Task item >>
Print exactly the lines that run from the one containing "BRUNS Rhododendron Park" to the final line of the data, both included, and print none of the pictures.

Data extract >>
--- --- ---

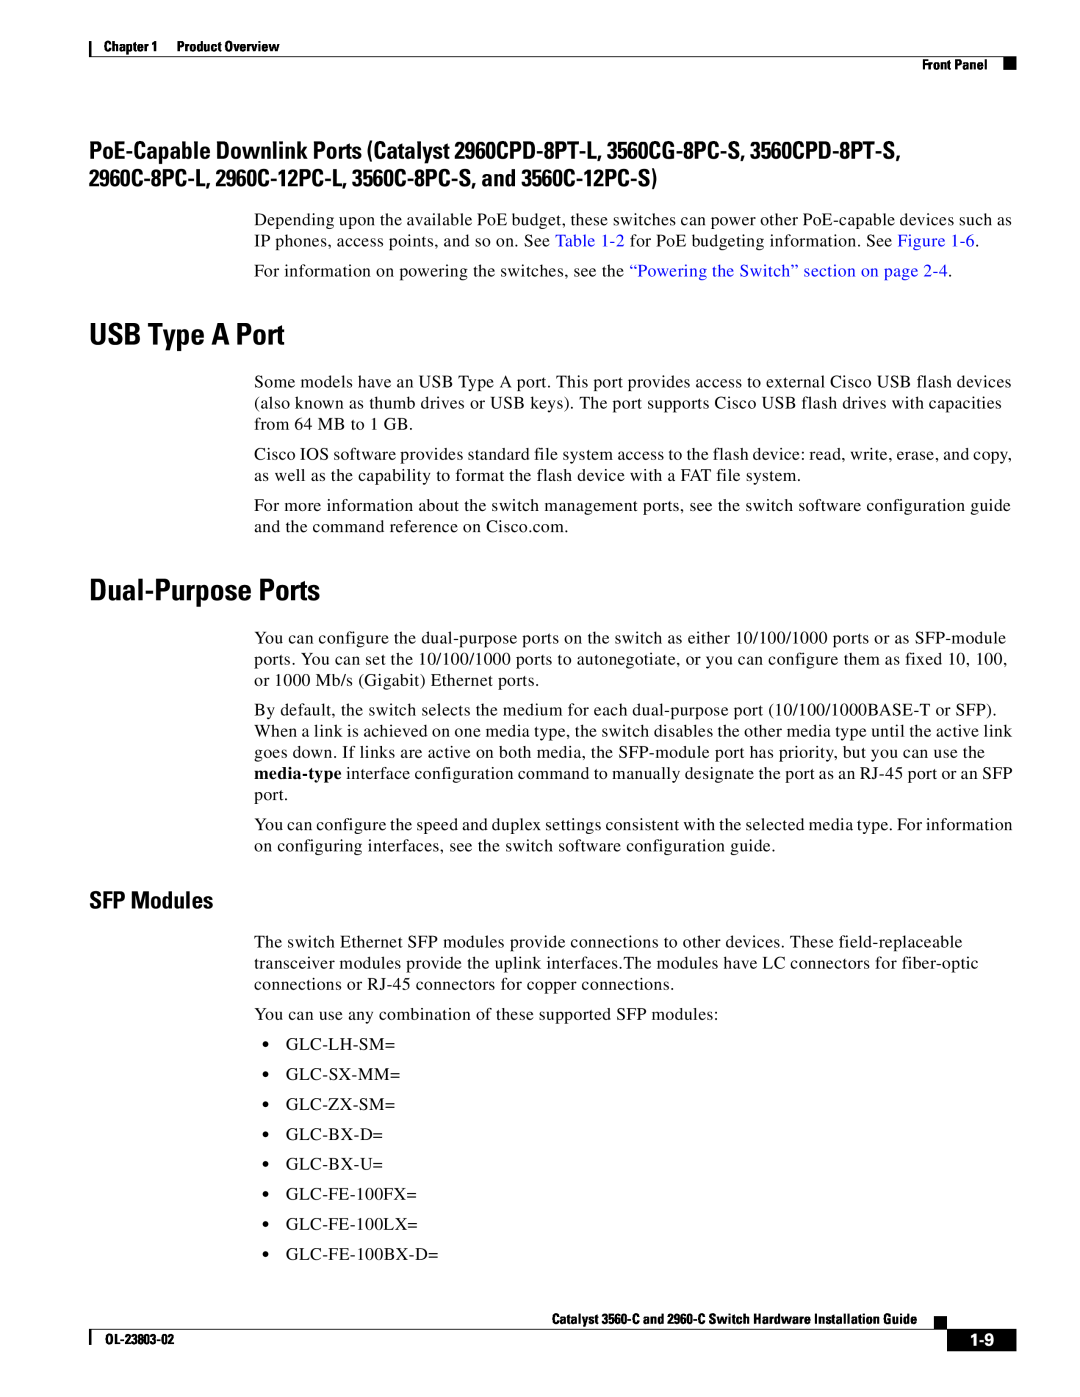 Cisco Systems 3560-C manual USB Type A Port, Dual-Purpose Ports, SFP Modules 
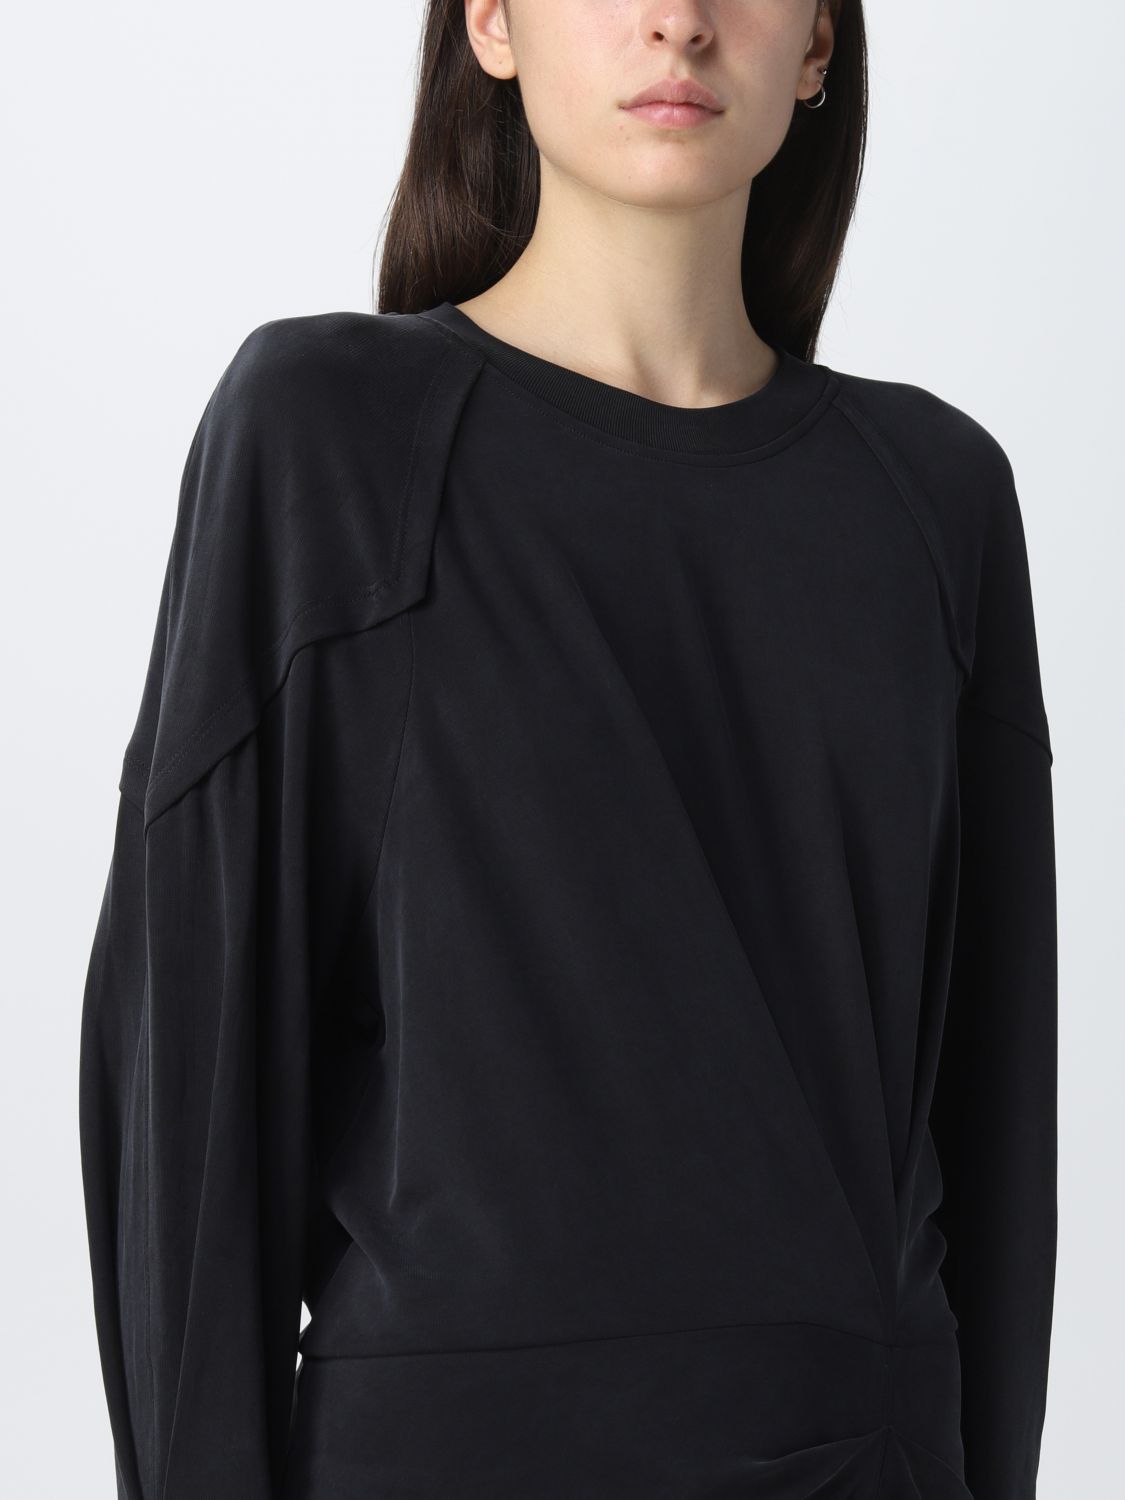 Dress Iro: Iro dress for woman black 3
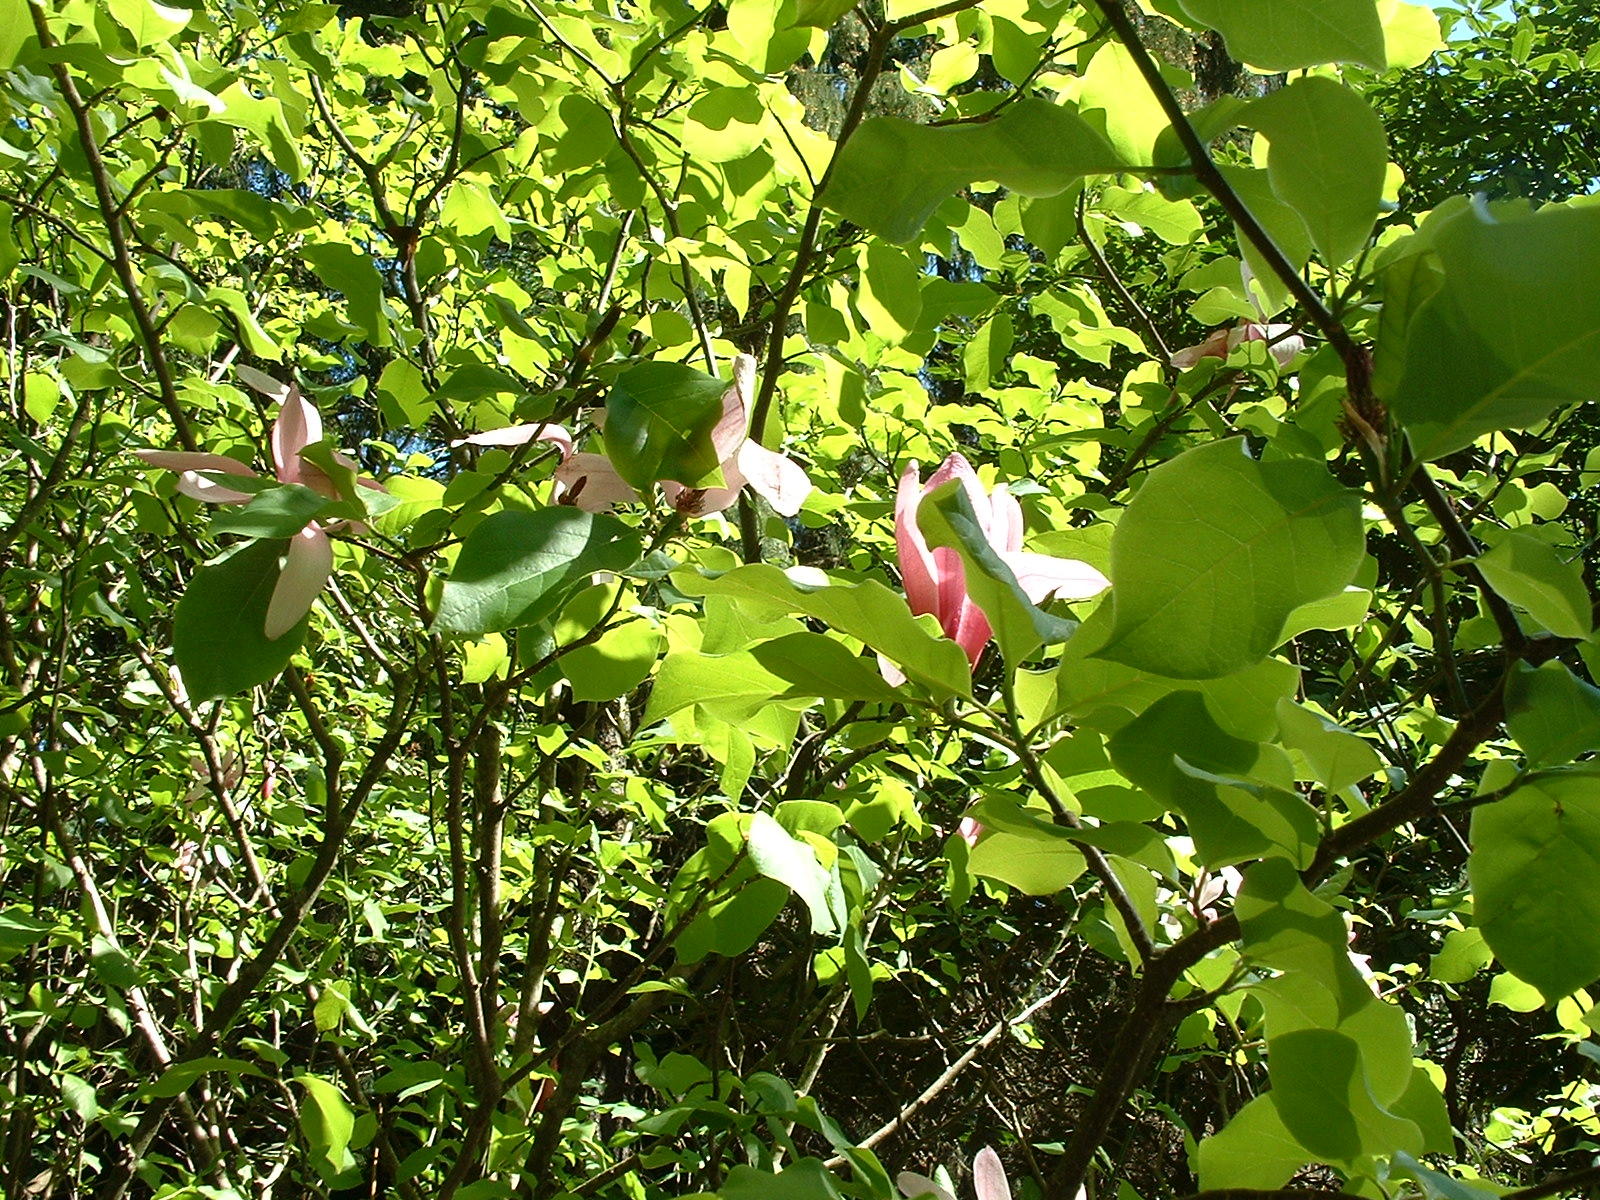 BRUNS Rhododendron Park in Gristede - Magnolie am Eingang zum Park
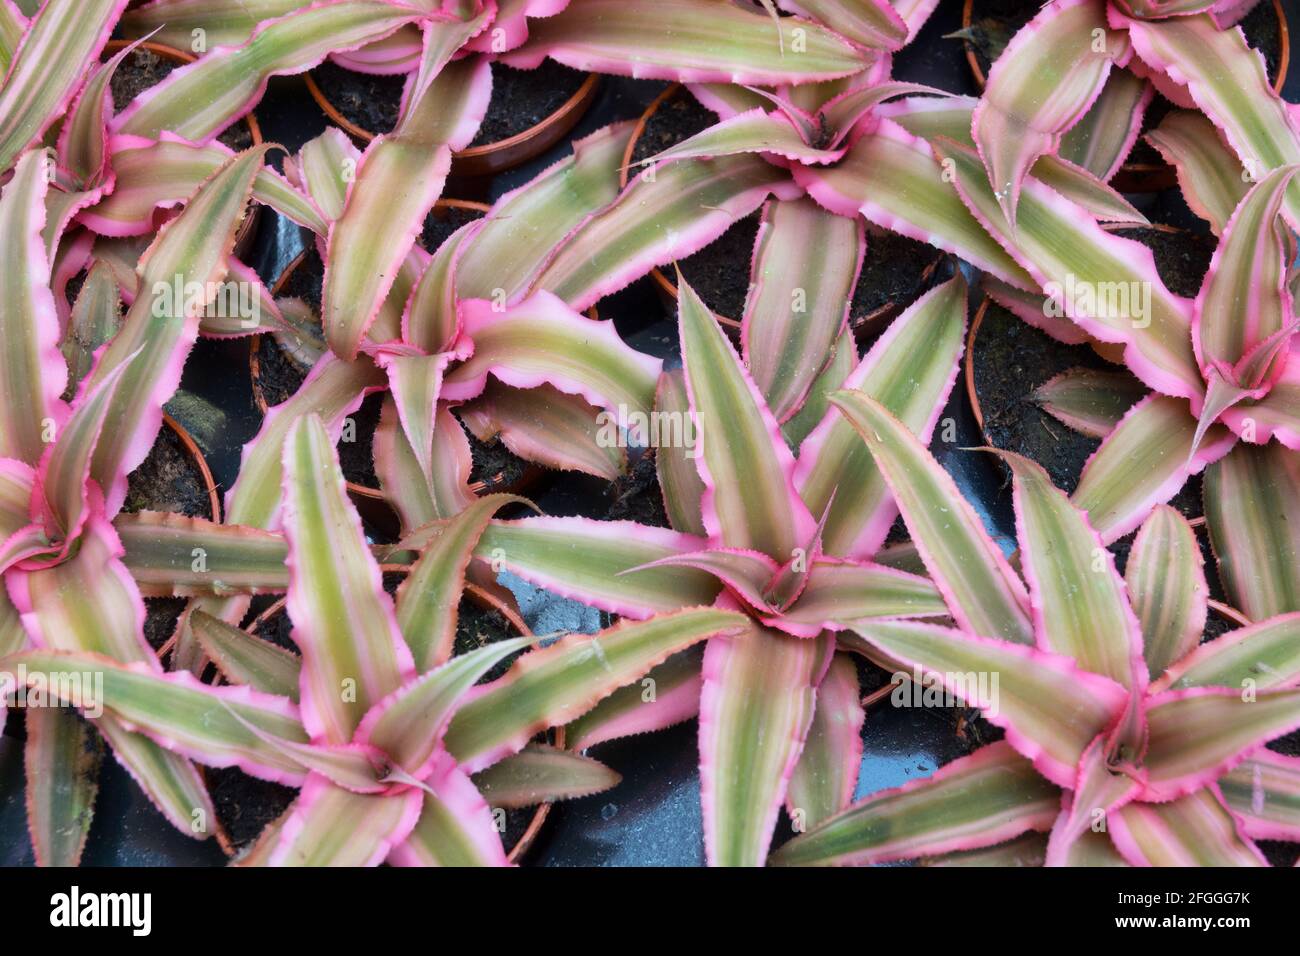 Earth Star Cryptanthus bivittatus young plants Stock Photo

--- --- ---

Worked solution >>
 BRUNS Rhododendron Park in Gristede - Magnolie am Eingang zum Park
 Earth Star Cryptanthus bivittatus young plants Stock Photo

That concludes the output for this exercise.